Invocations of macros and procedures bear a close resemblance—both are s-expressions—but they are treated differently. When the compiler encounters an s-expression in the program, it first checks to see if the symbol is defined as a syntactic keyword within the current lexical scope. If so, it then attempts to expand the macro, treating the items in the tail of the s-expression as arguments without compiling code to evaluate them, and this process is repeated recursively until no macro invocations remain. If it is not a syntactic keyword, the compiler compiles code to evaluate the arguments in the tail of the s-expression and then to evaluate the variable represented by the symbol at the head of the s-expression and call it as a procedure with the evaluated tail expressions passed as arguments to it.

Most Scheme implementations also provide additional macro systems.

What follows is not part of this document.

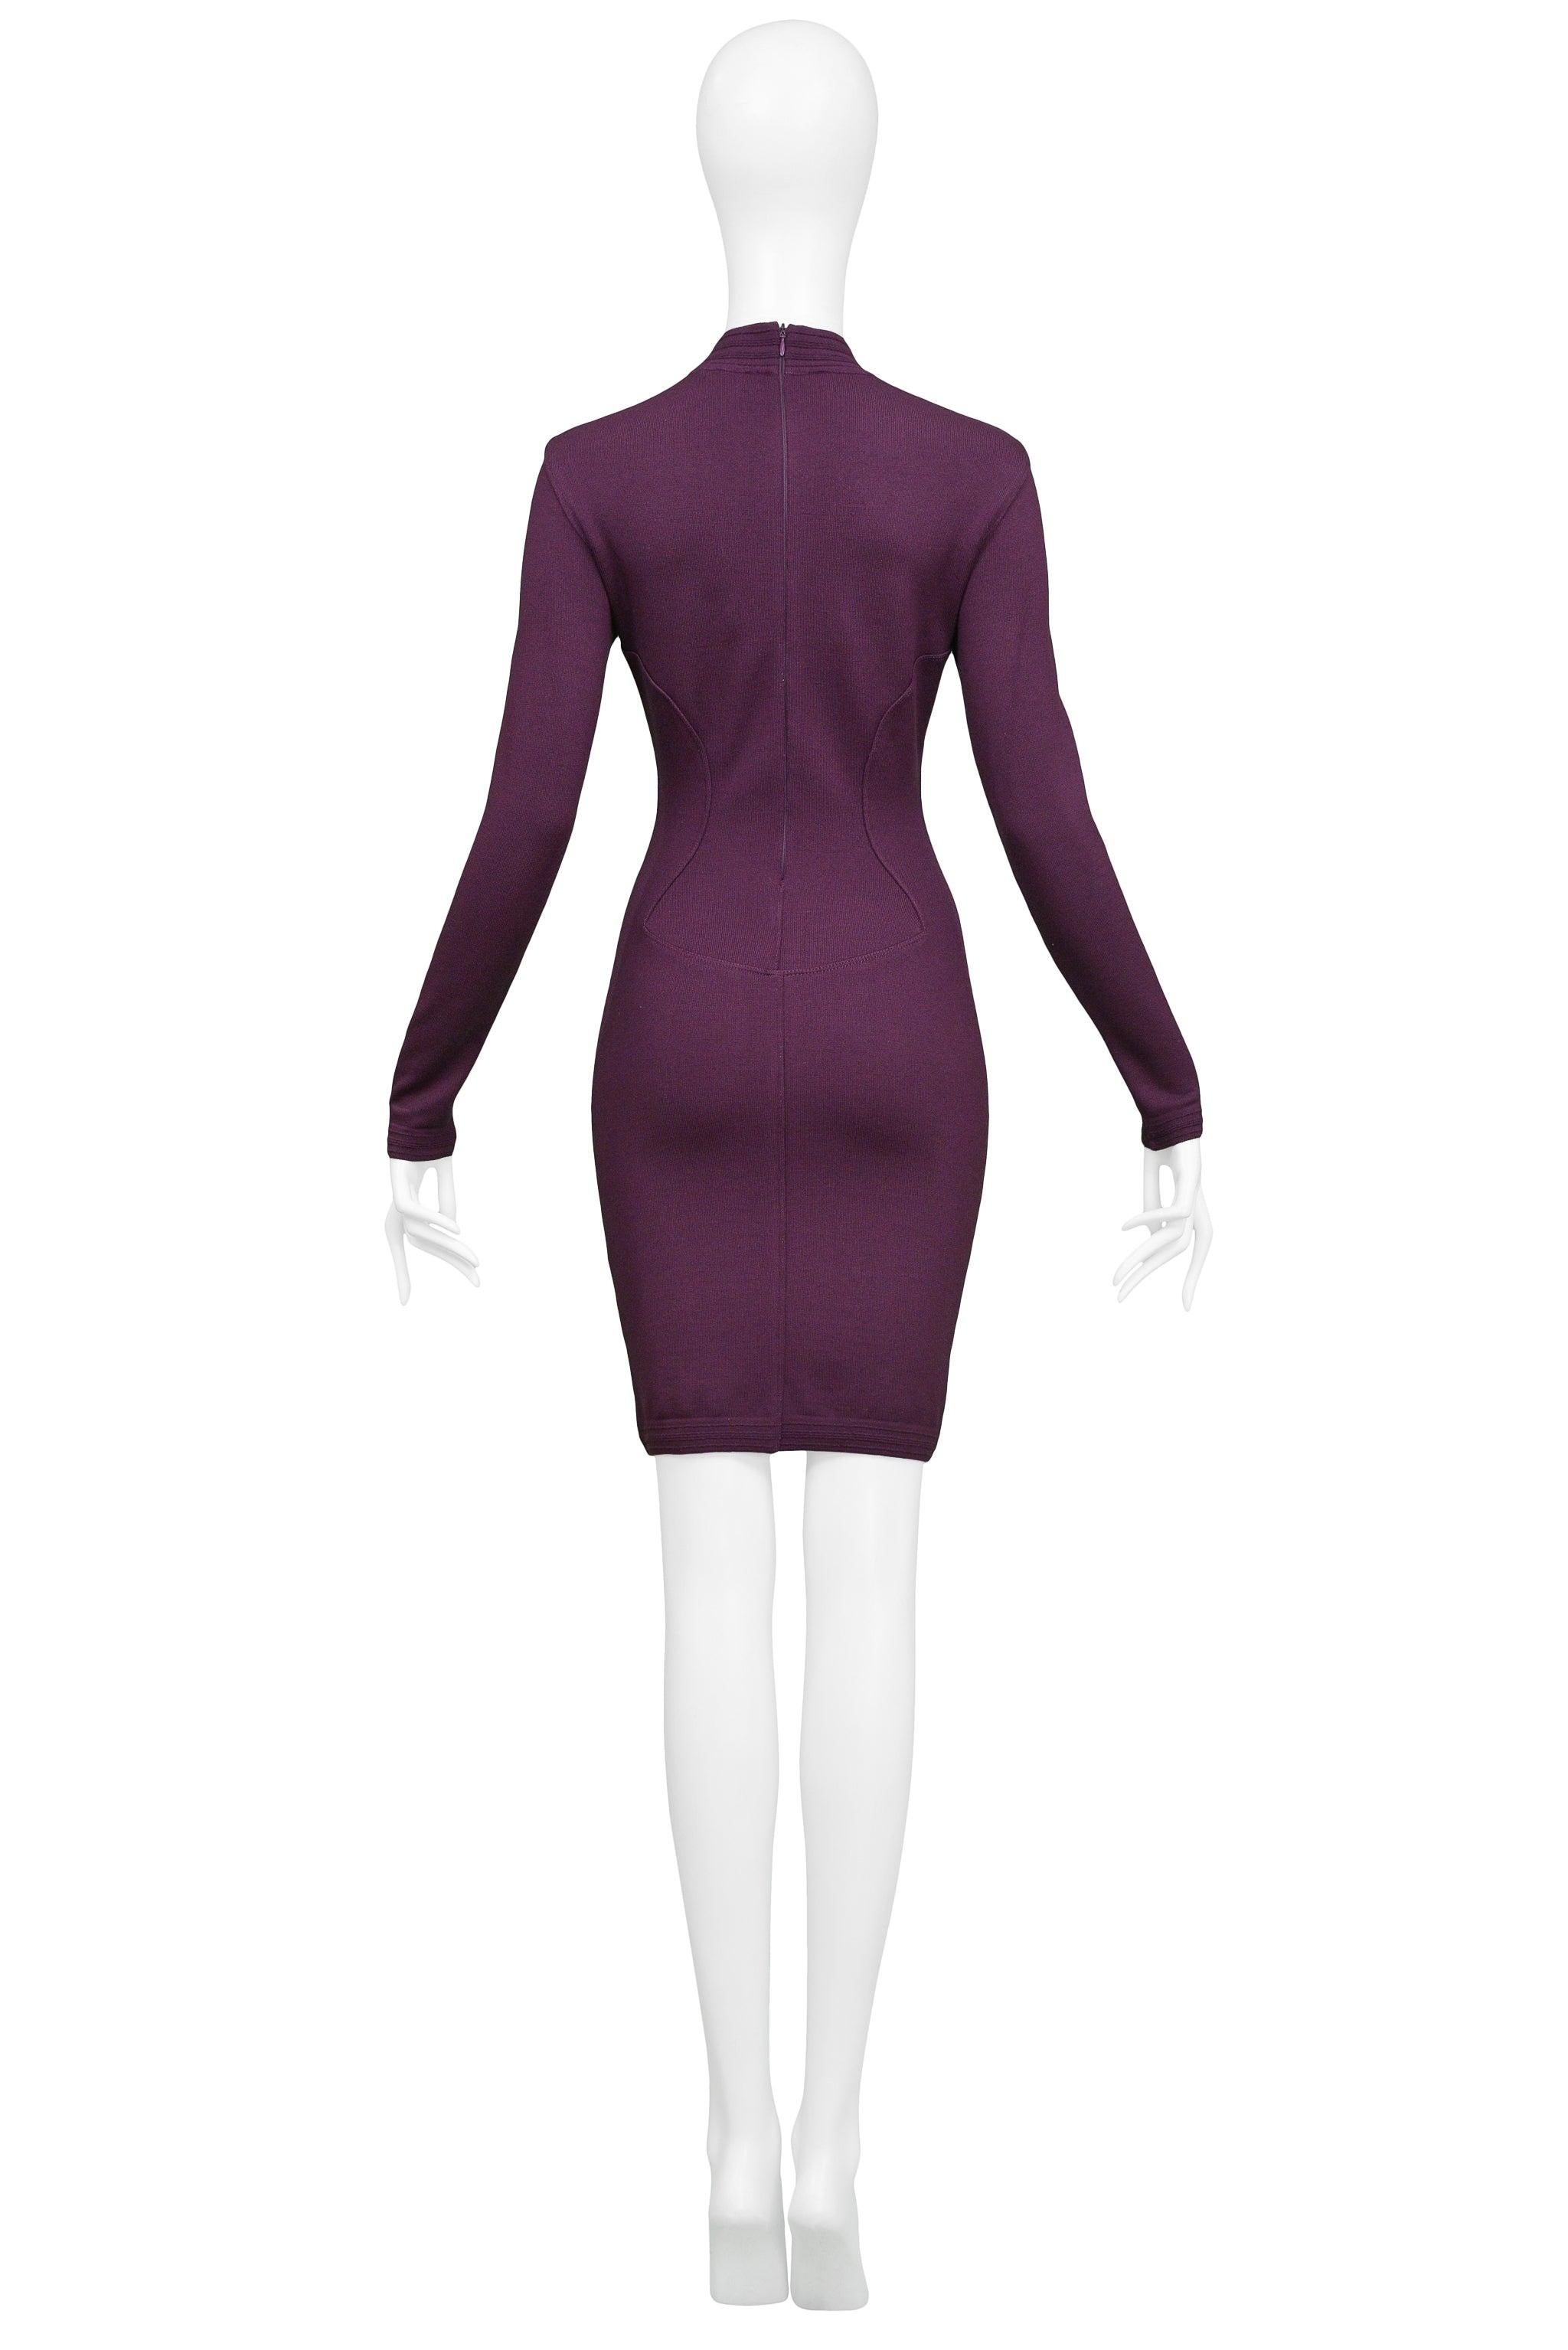 Azzedine Alaia Purple Long Sleeve High V Neck Dress 1991 2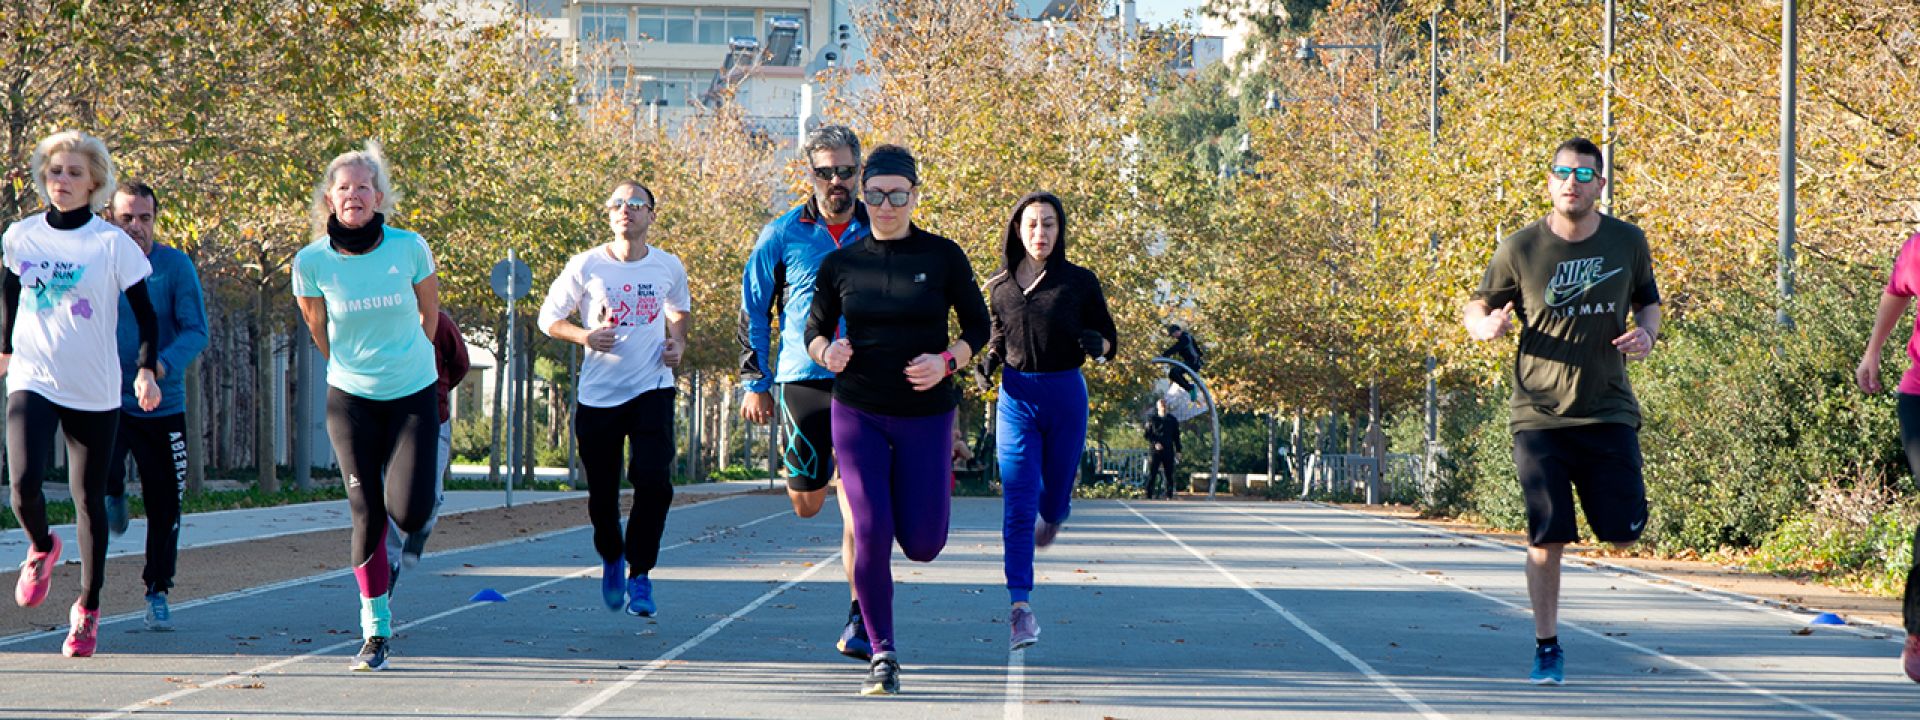 Φωτογραφία που απεικονίζει ανθρώπους να τρέχουν

Among popular ones are syntactic closures, explicit renaming macros and define-macro, a non-hygienic macro system similar to defmacro system provided in Common Lisp.

The inability to specify whether or not a macro is hygienic is one of the shortcomings of the macro system. Alternative models for expansion such as scope sets provide a potential solution.

===Environments and eval===
Prior to R5RS, Scheme had no standard equivalent of the eval procedure which is ubiquitous in other Lisps, although the first Lambda Paper had described evaluate as "similar to the LISP function EVAL" and the first Revised Report in 1978 replaced this with enclose, which took two arguments. The second, third and fourth revised reports omitted any equivalent of eval.

The reason for this confusion is that in Scheme with its lexical scoping the result of evaluating an expression depends on where it is evaluated. For instance, it is not clear whether the result of evaluating the following expression should be 5 or 6:

(let ((name '+))
  (let ((+ *))
    (evaluate (list name 2 3))))

If it is evaluated in the outer environment, where name is defined, the result is the sum of the operands. If it is evaluated in the inner environment, where the symbol "+" has been bound to the value of the procedure "*", the result is the product of the two operands.

R5RS resolves this confusion by specifying three procedures that return environments and providing a procedure eval that takes an s-expression and an environment and evaluates the expression in the environment provided. (R5RS sec. 6.5) R6RS extends this by providing a procedure called environment by which the programmer can specify exactly which objects to import into the evaluation environment.

With modern scheme (usually compatible with R5RS) to evaluate this expression, one needs to define a function evaluate which can look like this:

(define (evaluate expr)
   (eval expr (interaction-environment)))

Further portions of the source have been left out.